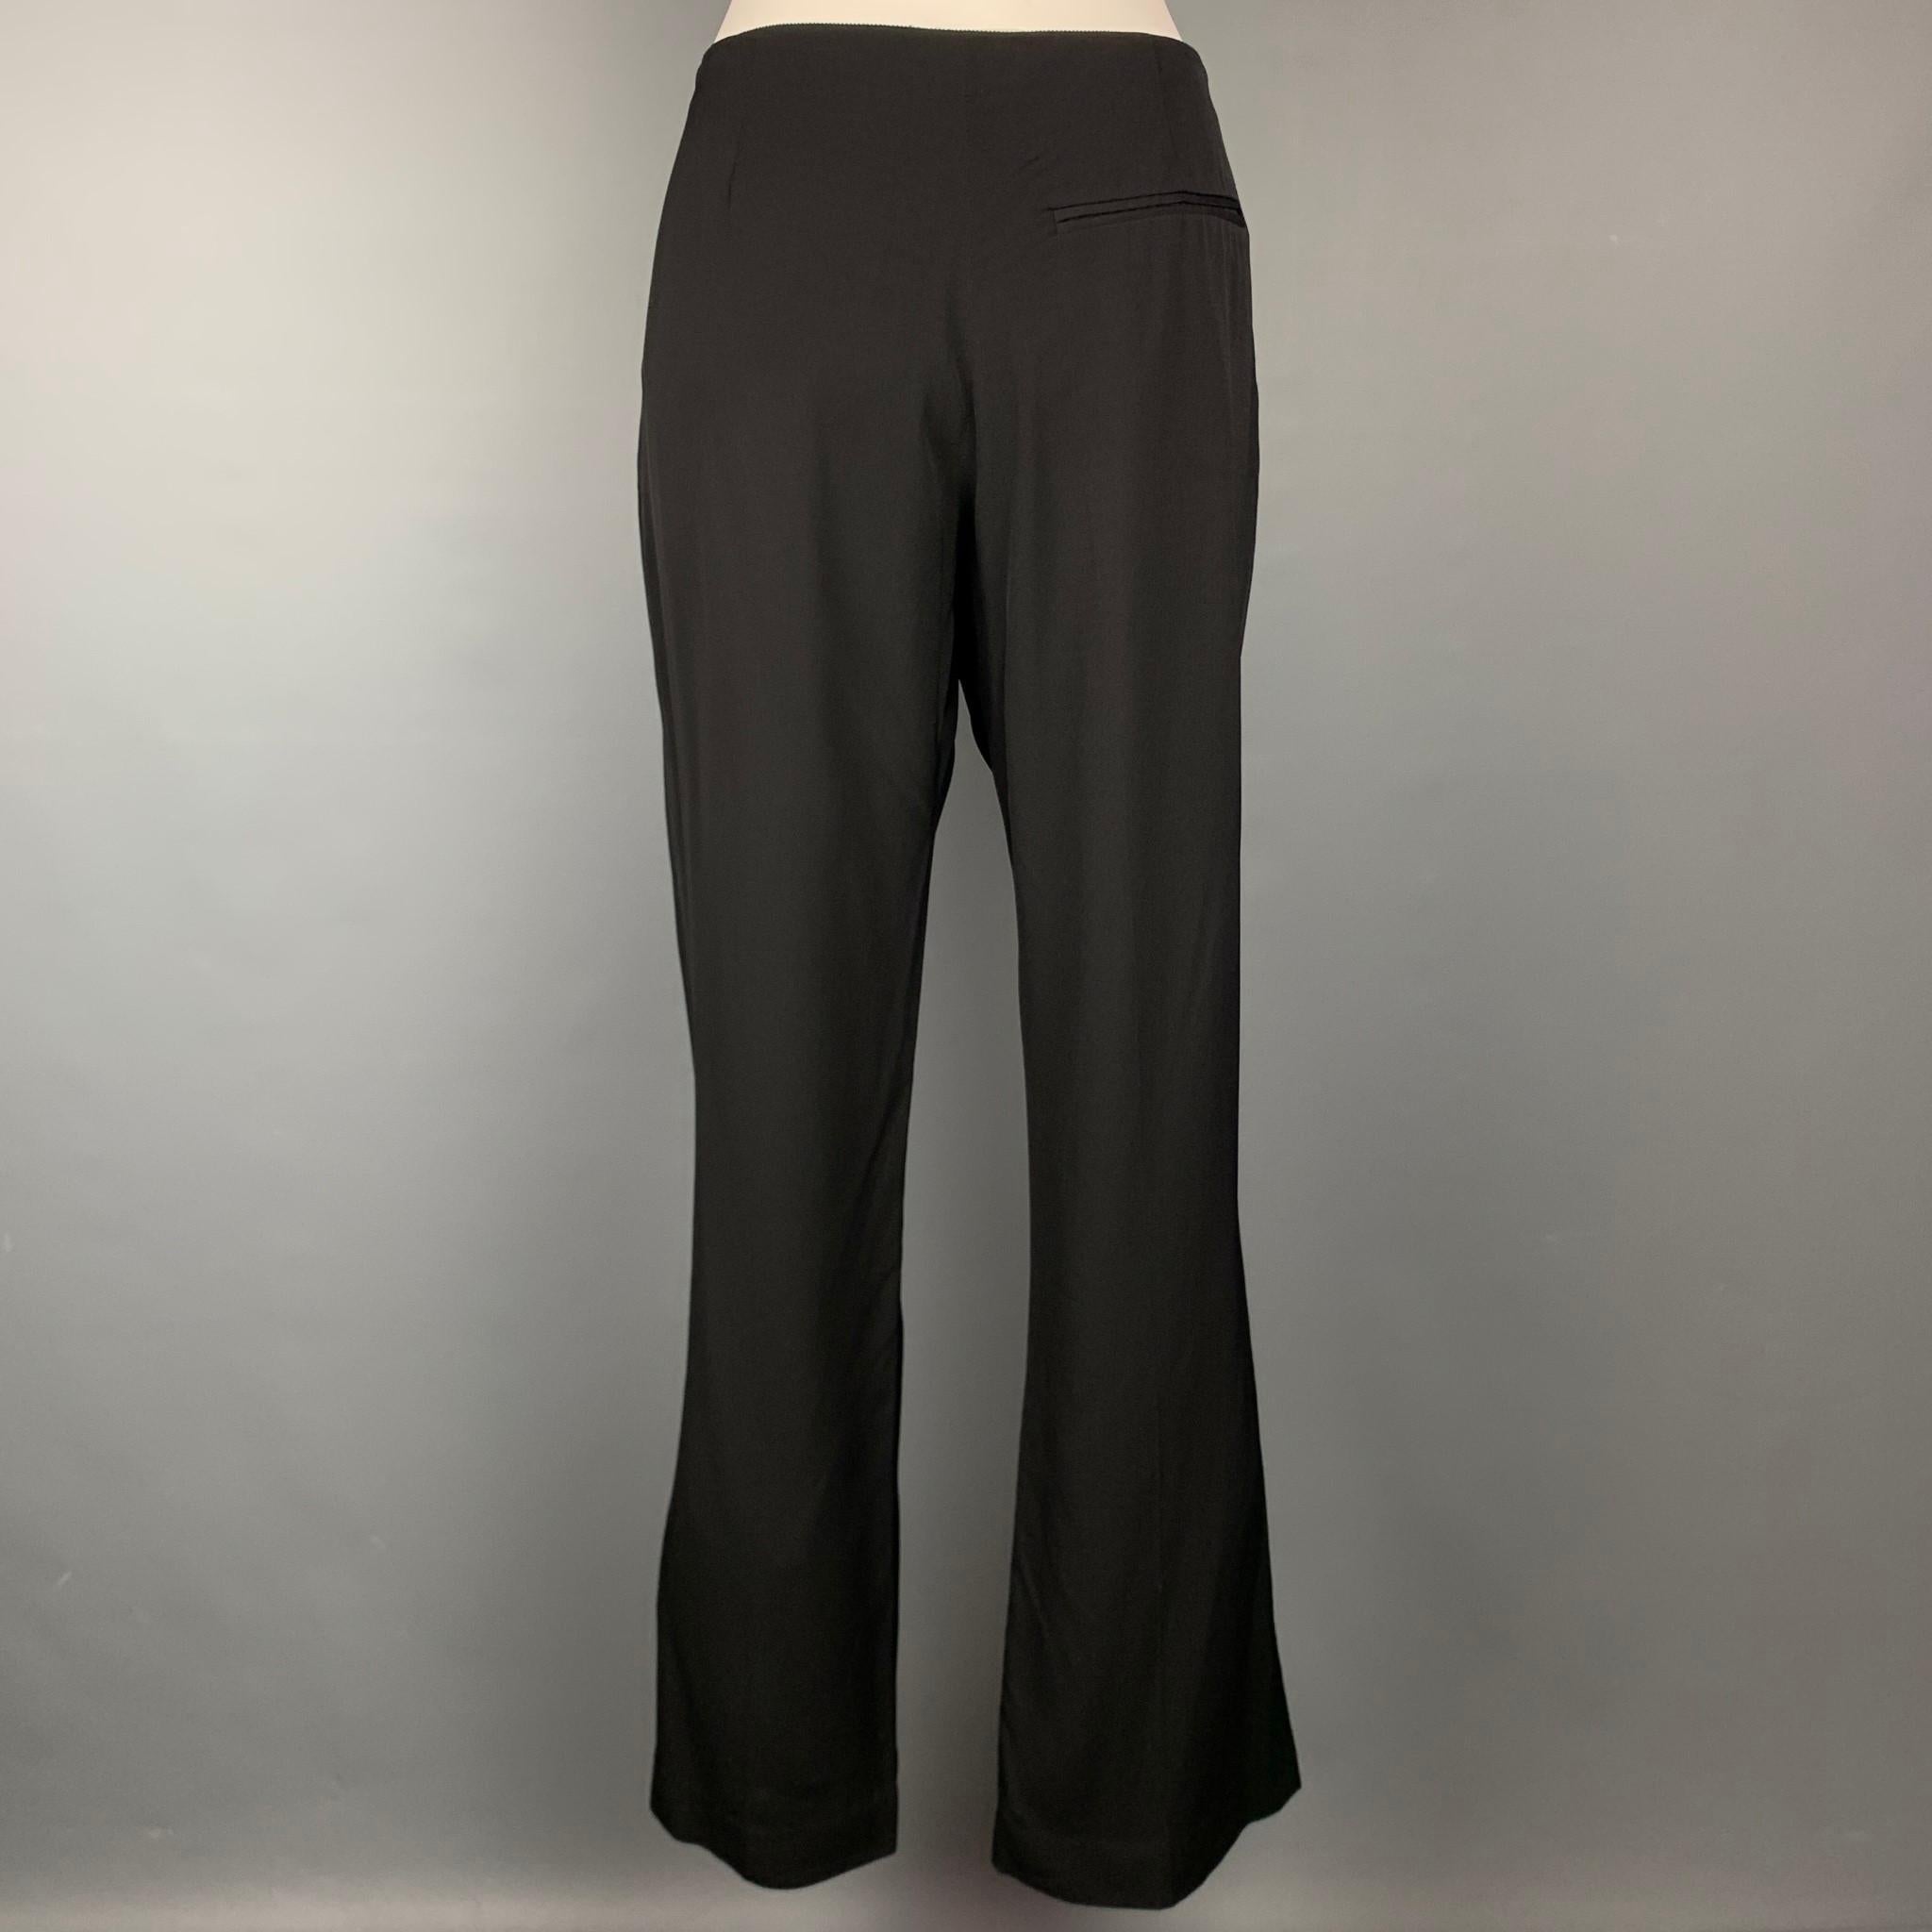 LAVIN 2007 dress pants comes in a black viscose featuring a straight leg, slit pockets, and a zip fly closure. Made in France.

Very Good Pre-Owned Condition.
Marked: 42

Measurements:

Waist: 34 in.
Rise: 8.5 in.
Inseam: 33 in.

━━━━━━━━━━━━━━━━━━━━

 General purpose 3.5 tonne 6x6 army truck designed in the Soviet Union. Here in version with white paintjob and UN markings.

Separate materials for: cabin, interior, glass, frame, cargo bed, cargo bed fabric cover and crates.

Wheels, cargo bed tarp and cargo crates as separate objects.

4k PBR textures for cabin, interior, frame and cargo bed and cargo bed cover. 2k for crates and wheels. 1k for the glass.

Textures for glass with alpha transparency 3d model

━━━━━━━━━━━━━━━━━━━━

#### [YOUR INSTRUCTIONS]
Starting with the line that contains "LAVIN 2007 dress" and finishing with the line that contains "Inseam: 33 in.", reproduce every line of the material above exactly, but not the pictures.

#### [RESULT OF THE TASK]
 LAVIN 2007 dress pants comes in a black viscose featuring a straight leg, slit pockets, and a zip fly closure. Made in France.

Very Good Pre-Owned Condition.
Marked: 42

Measurements:

Waist: 34 in.
Rise: 8.5 in.
Inseam: 33 in.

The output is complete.